For optimal algorithmic performance, the coherence between each possible pair of microphones should be less than 0.1. All possible pairs of microphones should be tested; this will result in a total of 6 plots.

../../_images/ad_coherence.png — Fig. 22 Sample coherence plot between two microphones, where the blue line is real data and the red line is a theoretical coherence between two perfect microphones recording diffuse noise#

Loudspeaker(s)#

The most pressing consideration when incorporating loudspeakers into a design using the XVF3800 is the minimisation of non-linearities within the design. Whilst the XVF3800 features a linear echo canceller (the AEC), and whilst it can also suppress tail echo and non-linear echo, it is advisable to keep any non-linearities in the design to a minimum in order to guarantee optimal intelligibility and algorithmic performance.

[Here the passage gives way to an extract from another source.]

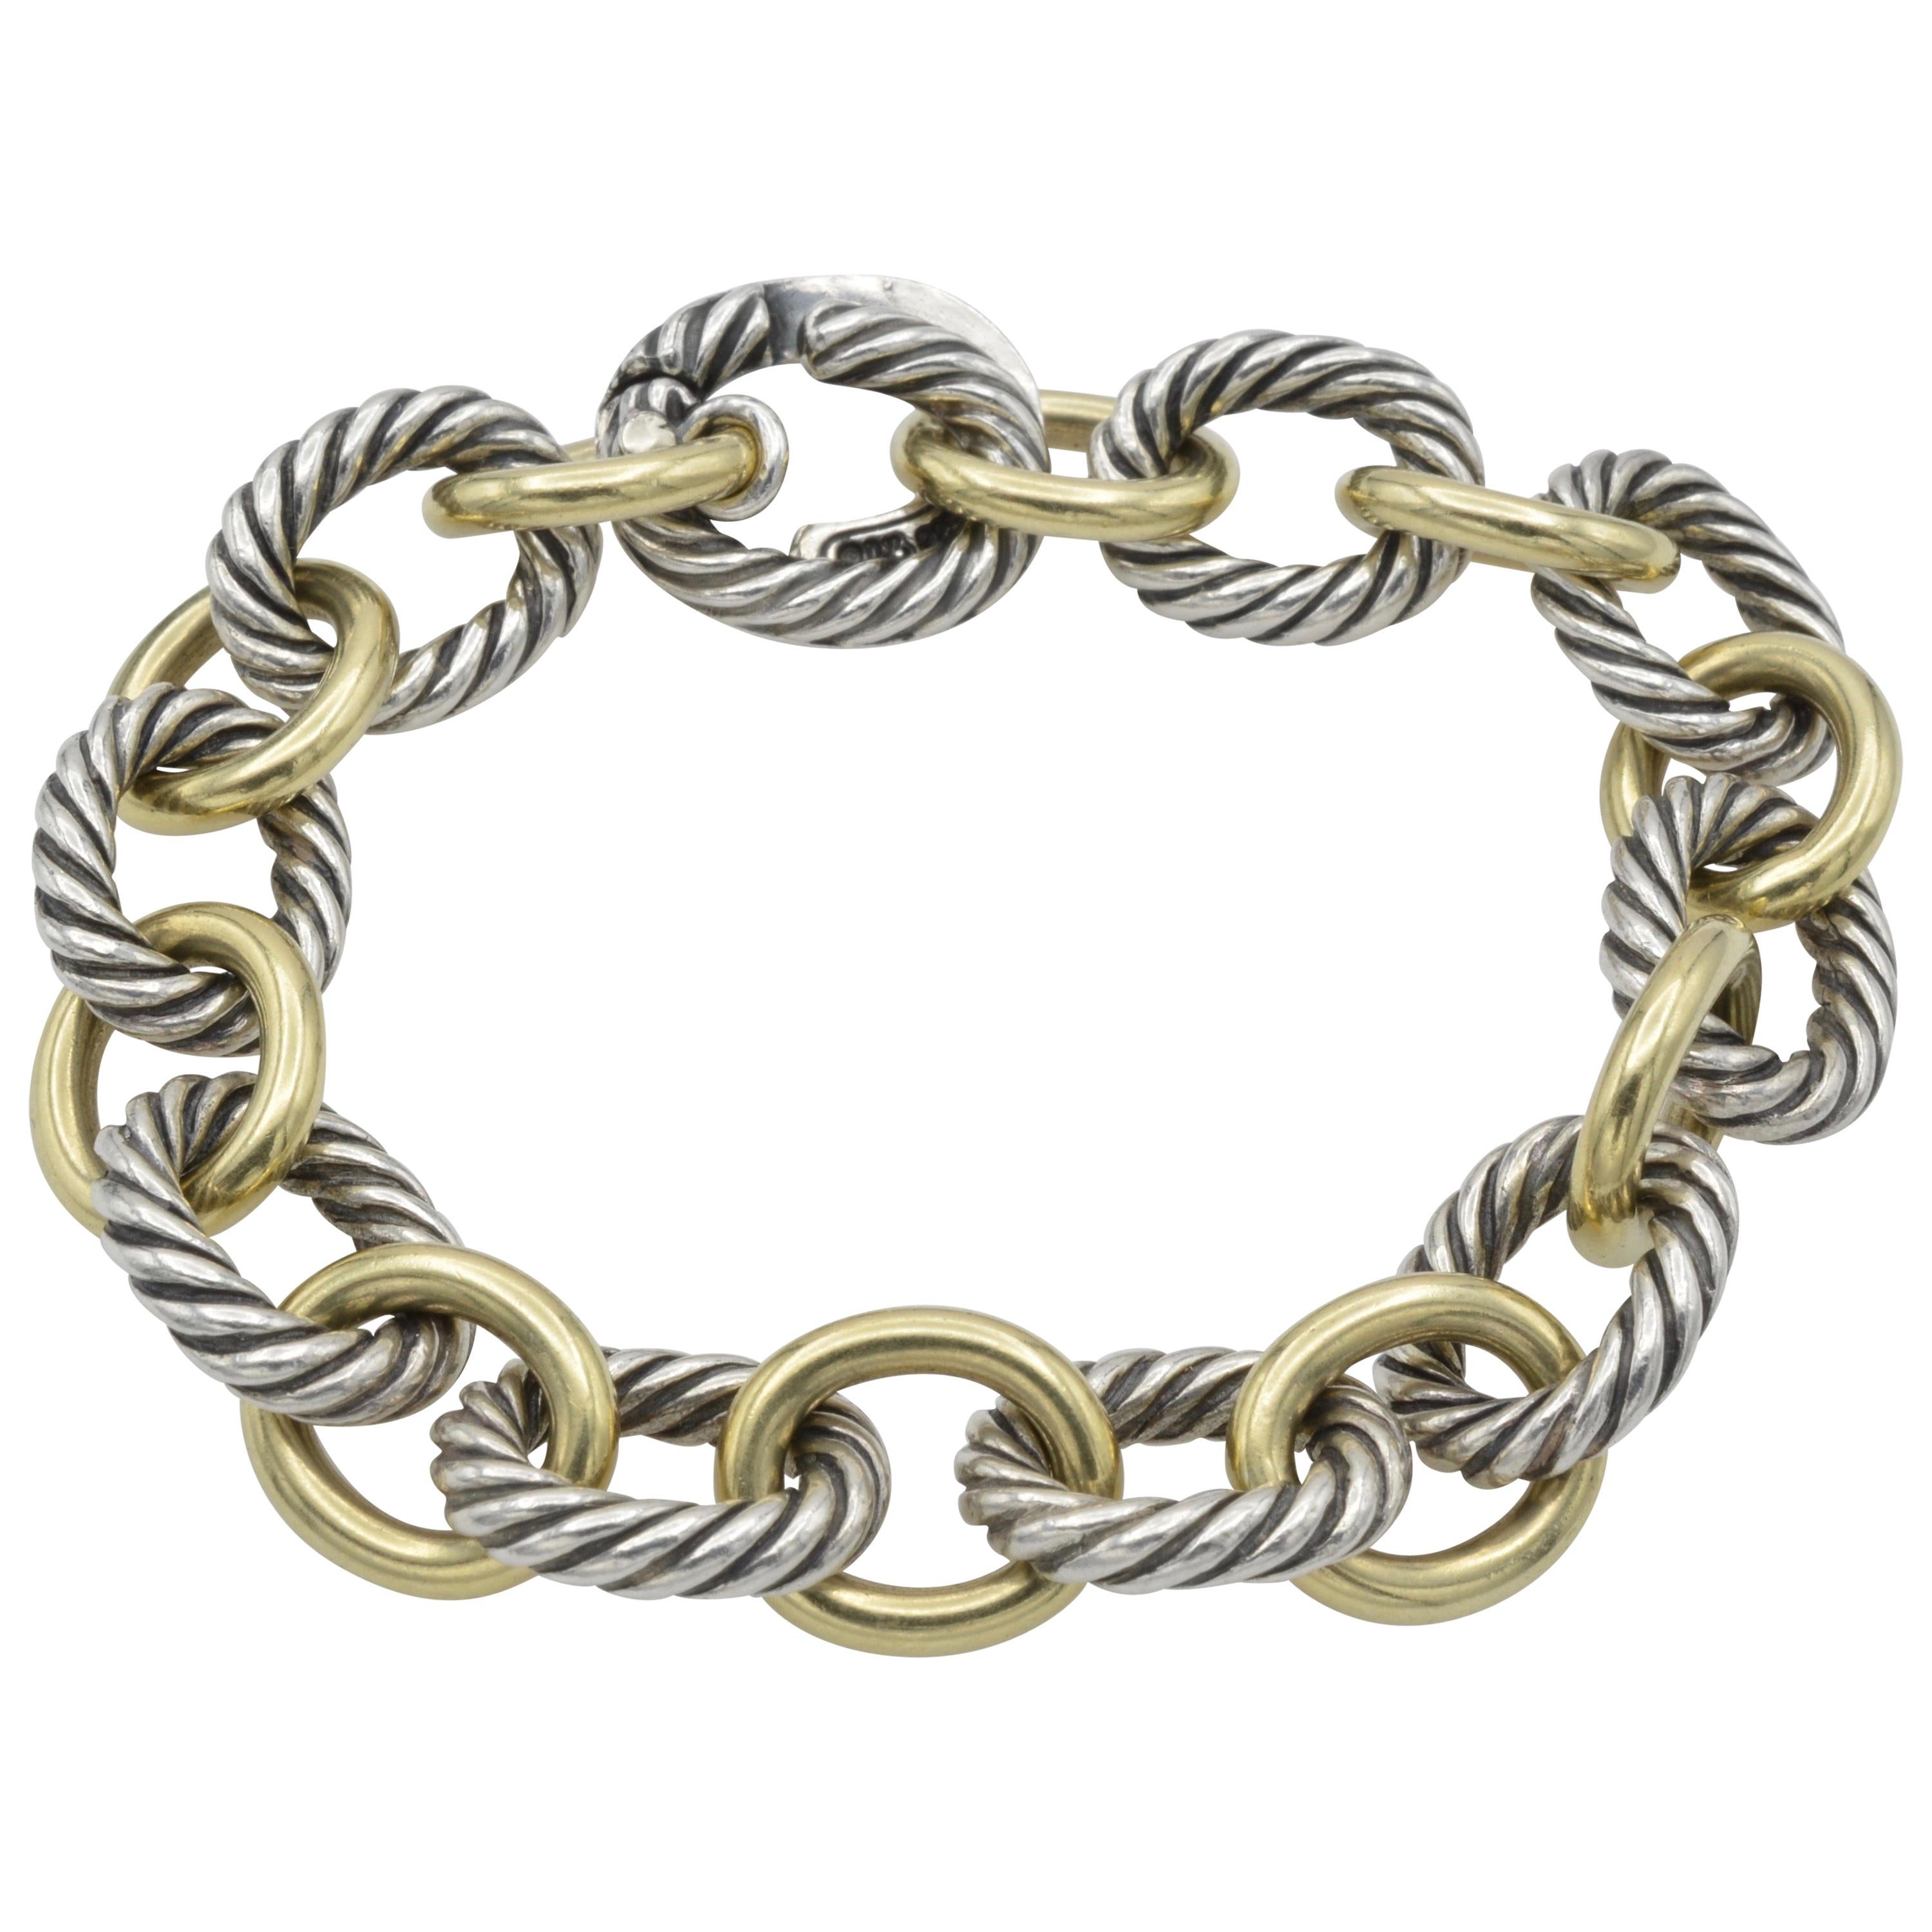 David Yurman Sterling Silver 18 Karat Gold Link Bracelet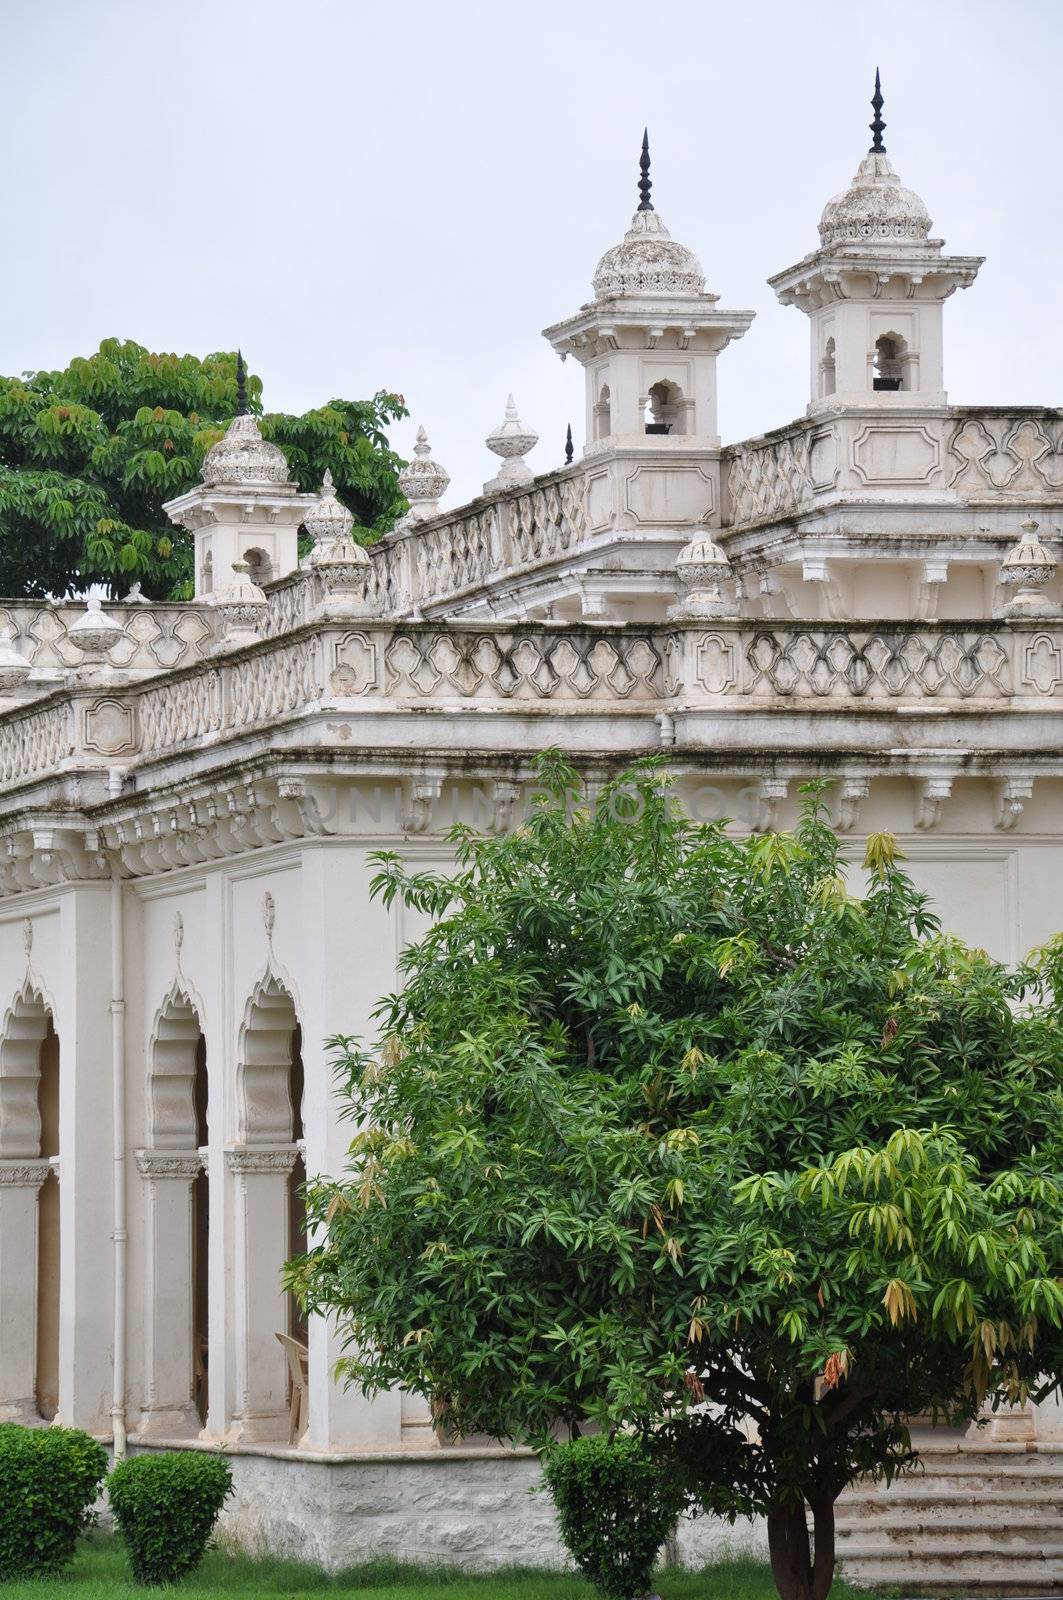 Chowmahalla Palace in Hyderabad, India by sainaniritu

The two main sources of non-linearity in a design arise from mechanical coupling between a loudspeaker and the microphones and from non-linearities present in the loudspeaker/amplifier stage itself. Efforts should be made to ensure that any loudspeakers are appropriately isolated from the microphones and placed physically as far away as feasible. Isolation may take the form of mechanical decoupling from the rest of the enclosure and/or the use of soundproofing material between loudspeakers and the microphones. Additionally, product enclosures should be designed in such a manner as not to introduce non-linear effects; they should not rattle, click, vibrate, or otherwise introduce extraneous noise during normal operation.

Non-linearities present in the loudspeaker/amplifier stage are more difficult to provide generalised advice on.

Loudspeakers and amplifiers should be specified such that at nominal operating volume they are both operating within their linear region; this usually pushes design decisions towards larger or more powerful loudspeakers. As noted in the previous section, the loudspeakers at their maximum level should not be so loud that they push the microphones in the design to acoustic overload.

A THD of below 3 to 5%, measured over the full frequency range at the maximum level, is desirable. Designers should note that the THD for loudspeakers is typically only specified in datasheets at 1 kHz. THD can also be introduced by the amplifier used; it is important that amplifiers are chosen such that the overall THD of the loudspeaker system is minimised wherever possible.

Finally, it is important to consider the effect of loudspeaker placement on the far-field sensitivity of the device’s microphones. In general for a given nominal level, the closer a microphone is placed to a loudspeaker the lower its gain must be in order to avoid clipping. This means that the closer a loudspeaker is located to a microphone, the lower the overall system gain will be, and therefore the lower the far-field sensitivity of the device.